Paul Ducklin said...

As Vesselin Bontchev surmises, the Sophos emulator doesn't have a static cutoff of 500 cycles. Like F-Prot's - and, I suspect, most other code emulators in most other decent threat-detection products - our emulator is controllable at runtime, scan-by-scan.

In fact, one of the reasons Ormandy's paper shows only a small number of older executable packers being handled by hard-wired code in our product (e.g UPX, PECompact) - something he assumes is a reason for criticism - is that we use the emulator to assist with the bulk of our unpacking needs.
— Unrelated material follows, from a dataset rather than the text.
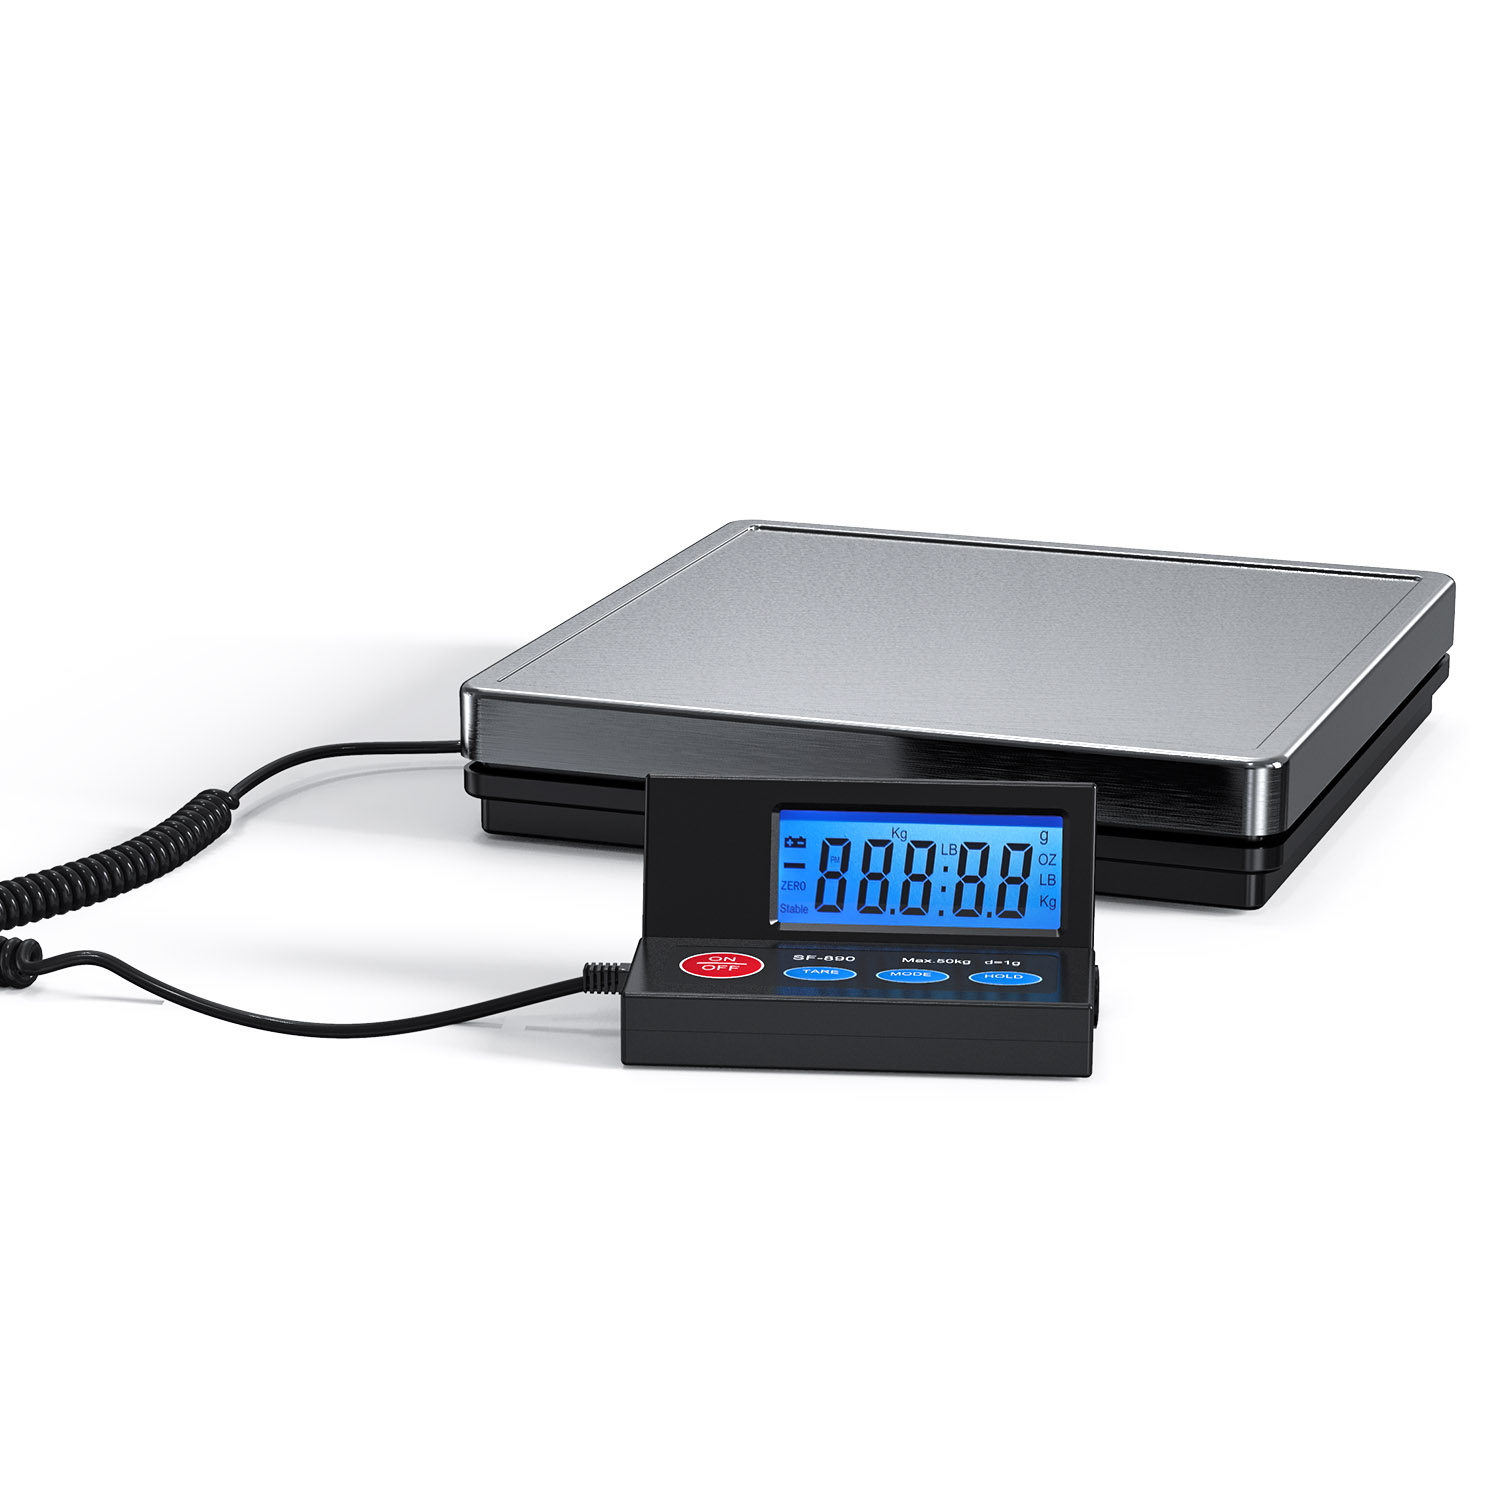 Suofei SF-890 Cheapest Large LCD ABS Material Electronic Digital Postal Shipping Weight Postal Scale

That generally takes a _lot_ more than 500 CPU cycles :-)

As Kurt says in the main article, the "halting problem" says we may end up emulating for ever, with no result. So it's no good just leaving an emulator to run "to see what happens".

But, as Vesselin suggests, you can run the emulator in a controlled way, giving it more and more rope only if the results so far seem to justify it.

Very loosely put, the greater your certainty you're on the track of something interesting, the more millions of instructions you give to the emulator.

Bruce Thompson said...

I wouldn't be concerned about collisions with good files, my concern would be creating false negatives. If it's relatively easy to spoof the CRC32, then it's also easy to obfuscate it. A single bit change could result in the signature no longer matching. This, to me, is the inherent weakness of any checksum based detection scheme.

To put it another way, a CRC32 match on a known bad actor is a good indication that you've found that bad actor, or you've found something that for some mysterious reason is masquerading as that bad actor. Finding no matches for anything known tells you precisely nothing about what it is you're looking at.

kurt wismer said...

@Bruce Thompson
"If it's relatively easy to spoof the CRC32, then it's also easy to obfuscate it. A single bit change could result in the signature no longer matching. This, to me, is the inherent weakness of any checksum based detection scheme."

it's the weakness of all known malware detection systems regardless of how they're implemented - once you change a known malware it is no longer the same malware and thus no longer qualifies as "known".

however, since known malware detection was only ever appropriate for known malware it has never been appropriate to rely on it exclusively. it has always been called for to use methods for detecting unknown malware to complement the known malware detection algorithms. there are a variety of reasons why unknown malware detection methods can't be relied on exclusively either.

AL said...

One of the other considerations to bear in mind is, if you like, one of the 'dirty little secrets' of the industry - that of having to deal with ridiculous tests of our products. There exist thousands (perhaps millions) of corrupt/dead/intended/junk files, which are only relevant to people with large collections of 'malware' for the purposes of testing. The way that many companies (by no means all) deal with this is to simply add simple signature based detections for those samples. CRC is a fast method for a certain proportion of those, and although it's hardly robust, nor is it likely that a CRC taken across some specific parts of those files will be all that problematic. This comes down ultimately to the problem of verification. Testing of AV is a lost cause if you don't verify the samples. No tester truly verifies all the samples, ergo, all testing is next to useless. Notwithstanding that, people continue to test our products against piles of useless files - therefore, the only solution is, to some extent, to 'cheat' by adding - en masse - detection for such useless crap. The low impact way (from a user perspective) is to use 'signatures'. This gives the testers the illusion that they are having some sort of real impact on the confidence that users have in AV products, and gives AV vendors time to get on with the real job of dealing with actual malware (for which task you require emulators and much more modern methods than CRC's across a file). I seriously doubt that Sophos (or any other decent AV company) is purely using CRC as their frontline protection - if they were, they'd be out of business.
As to the emulation, Vess already covered that perfectly.